If you’re going through stressful situations (who am I kidding, we all go through them) while going through an eating disorder recovery, be persistent and don’t fall back into the old patterns. Actually, dealing with the sources of your stress can make the recovery process easier as you focus your mind and thoughts on other things than food, weight, throwing up, starving and self-image. As you keep yourself busy, you learn to think about other things and trust me, all of us that have any problems with food know how difficult it is.
Don’t set yourself unrealistic goals. Take your time, figure out what you can do. Your health and recovery is a priority, and no job, school, project, relationship etc. is worth your health. You need to heal yourself first in order to become strong enough to fight other battles.
I liked to put myself in situations with unrealistic goals and expectations. I ordered myself to study 12 hours a day, with no break for exercise or socializing, not binge eating, eating 5 “healthy” meals a day with no carbs and then I was even more depressed and anxious as I failed completely on the day one.

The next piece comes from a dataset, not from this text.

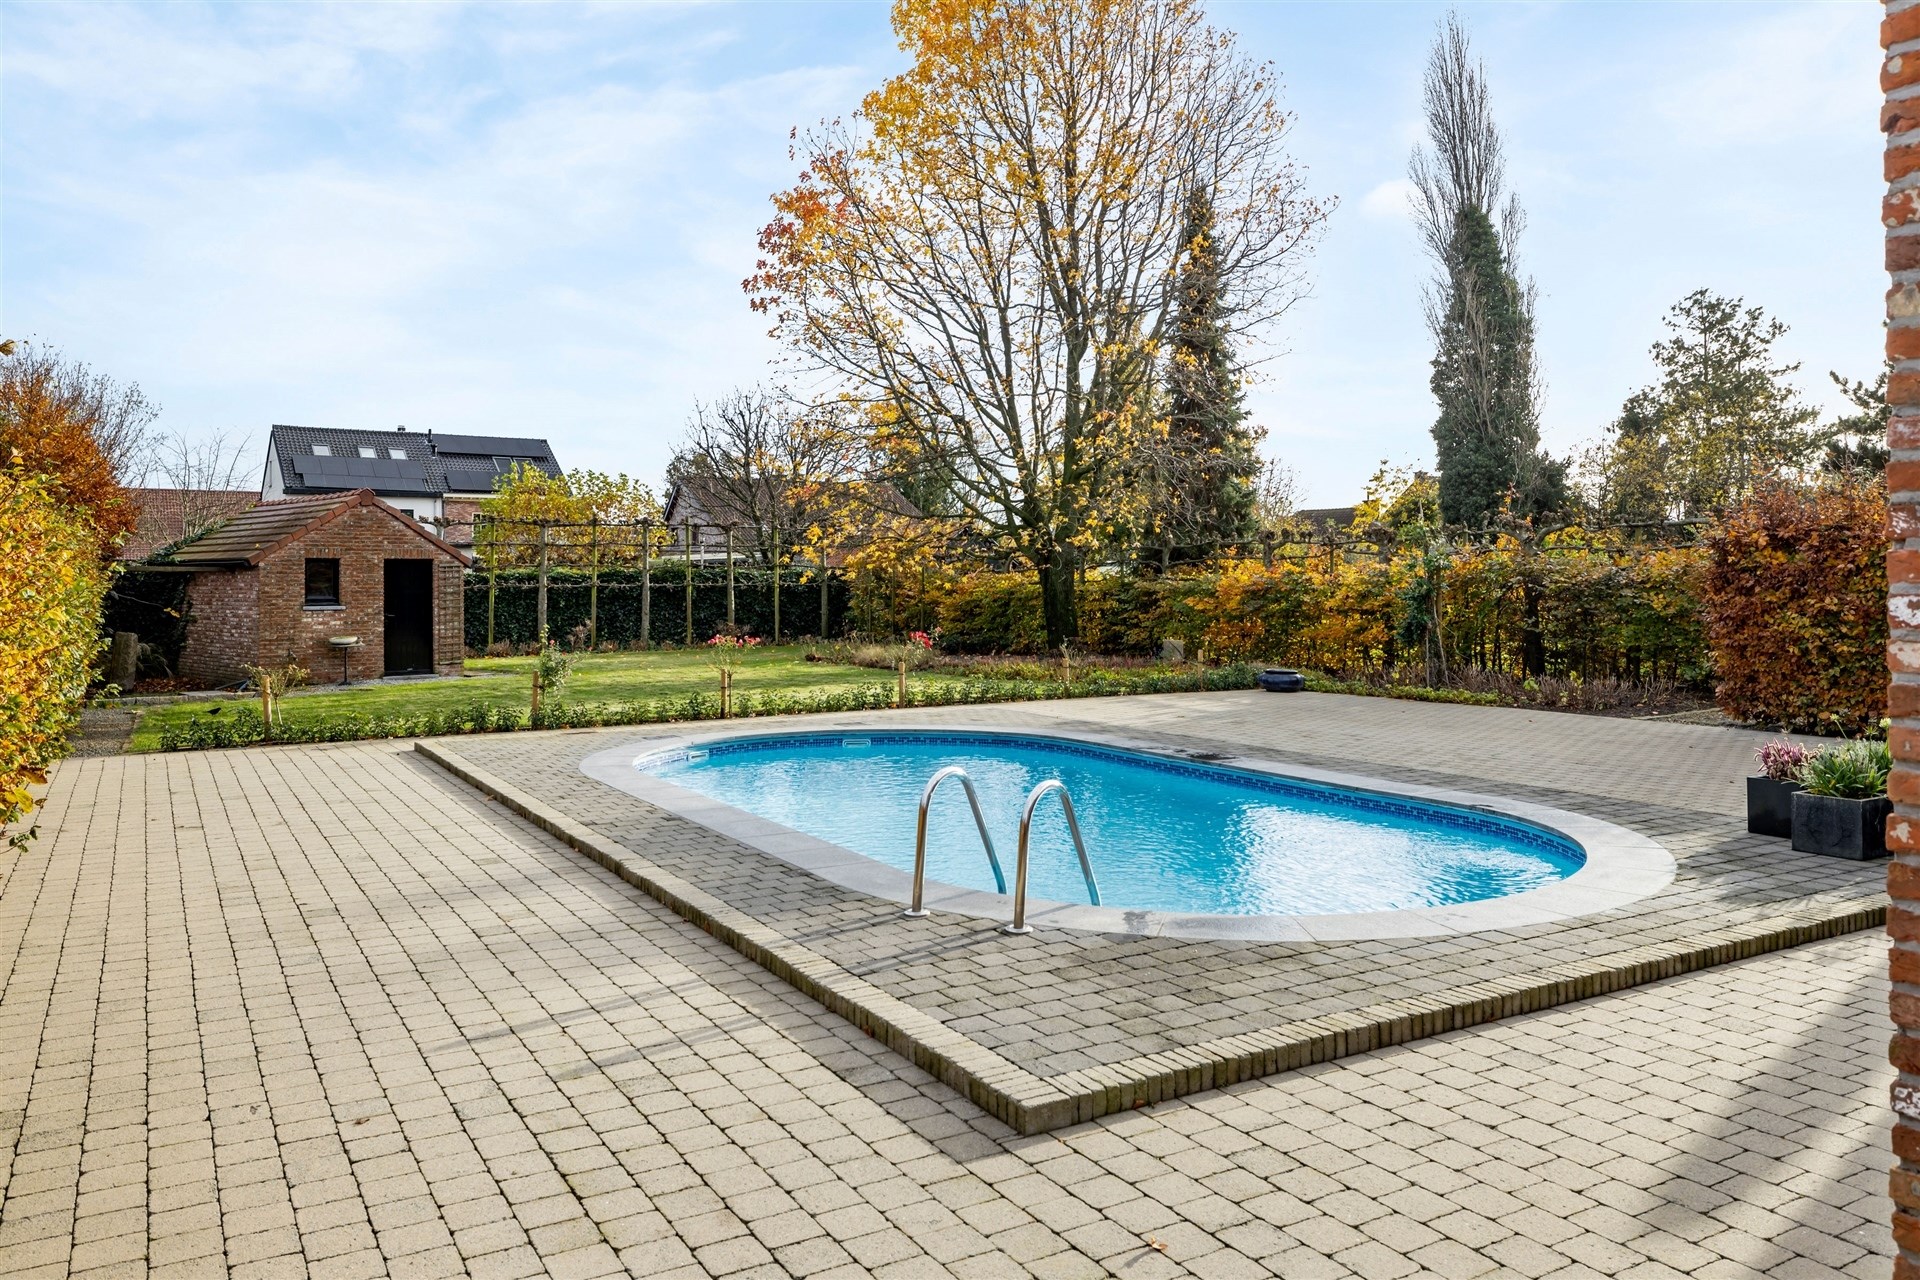 Karaktervolle gezinswoning met dubbele garage en zwembad op een uitstekende locatie in De Klinge (1.100m²) foto 4

You can’t expect miracles to happen overnight.
Do everything to make it easier for yourself. If you know that you easily fall back into the pattern when you’re alone, surround yourself with people. Move-in with your partner for a few days, ask friends to come over or go study in the public library. Make enough space for yourself to exercise, cook something healthy and nutritious (avoid the conviction that you can’t spend time cooking because you should study just to grab some junk food; honestly, if you have time to check Facebook, you have time to cook yourself a healthy meal). Take time to just be and to think, meditate, go for a walk. Don’t shut yourself down, that’s what eating disorder loves. Meet with your friends
Motivate yourself with other things than food. You’re not a dog, in the first place. But food is the trigger to screw things up. Rather, try to motivate yourself with other treats, such as meeting with your friend, buying a new piece of clothes, going to a concert, buying a new book, taking some time off.
Turn stress into a positive experience. As you can consider a glass half full or half empty, you can look at the pressure and stress as an opportunity to test yourself and make yourself stronger. Each day you stick to your recovery and successfully pass is a chance
Forgive yourself. You may f**k things up the couple more times before you find a way that works for you. If it’s a feeling that comes and goes with that one particular problem, maybe you just need to admit yourself that you have a problem in the first place. Maybe you need to fight with the eating disorder in order to deal with other problems. Maybe you just need to organize yourself and your time a little more. Maybe you need to find the right motivation.